EXERCISE: For the data below, the lines that hold "main" should be counted; only the resulting number is expected.

MATERIAL SUPPLIED:
== Segment start ==

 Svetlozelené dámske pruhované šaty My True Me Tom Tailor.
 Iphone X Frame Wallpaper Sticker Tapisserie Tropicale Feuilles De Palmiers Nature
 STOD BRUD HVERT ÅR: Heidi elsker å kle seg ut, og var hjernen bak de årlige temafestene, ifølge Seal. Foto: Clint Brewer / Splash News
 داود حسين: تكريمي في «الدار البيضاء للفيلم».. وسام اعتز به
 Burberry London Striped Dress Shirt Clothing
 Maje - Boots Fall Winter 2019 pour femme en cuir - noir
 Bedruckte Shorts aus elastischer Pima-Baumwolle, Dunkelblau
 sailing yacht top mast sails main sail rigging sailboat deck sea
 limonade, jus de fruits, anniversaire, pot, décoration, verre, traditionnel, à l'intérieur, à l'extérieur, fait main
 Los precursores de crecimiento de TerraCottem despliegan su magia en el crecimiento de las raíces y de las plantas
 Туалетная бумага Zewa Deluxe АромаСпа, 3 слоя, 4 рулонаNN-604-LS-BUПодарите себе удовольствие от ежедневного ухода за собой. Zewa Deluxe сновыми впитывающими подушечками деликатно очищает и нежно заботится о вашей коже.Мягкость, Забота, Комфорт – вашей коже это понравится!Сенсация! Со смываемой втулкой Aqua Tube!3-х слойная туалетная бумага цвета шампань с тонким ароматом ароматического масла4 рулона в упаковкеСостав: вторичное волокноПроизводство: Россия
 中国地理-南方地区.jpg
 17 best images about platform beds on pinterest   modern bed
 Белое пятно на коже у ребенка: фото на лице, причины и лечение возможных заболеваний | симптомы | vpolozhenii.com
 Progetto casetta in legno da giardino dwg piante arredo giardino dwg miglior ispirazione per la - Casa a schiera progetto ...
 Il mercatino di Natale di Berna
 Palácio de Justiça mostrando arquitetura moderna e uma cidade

== Segment end ==

SOLUTION TO THIS TASK: 2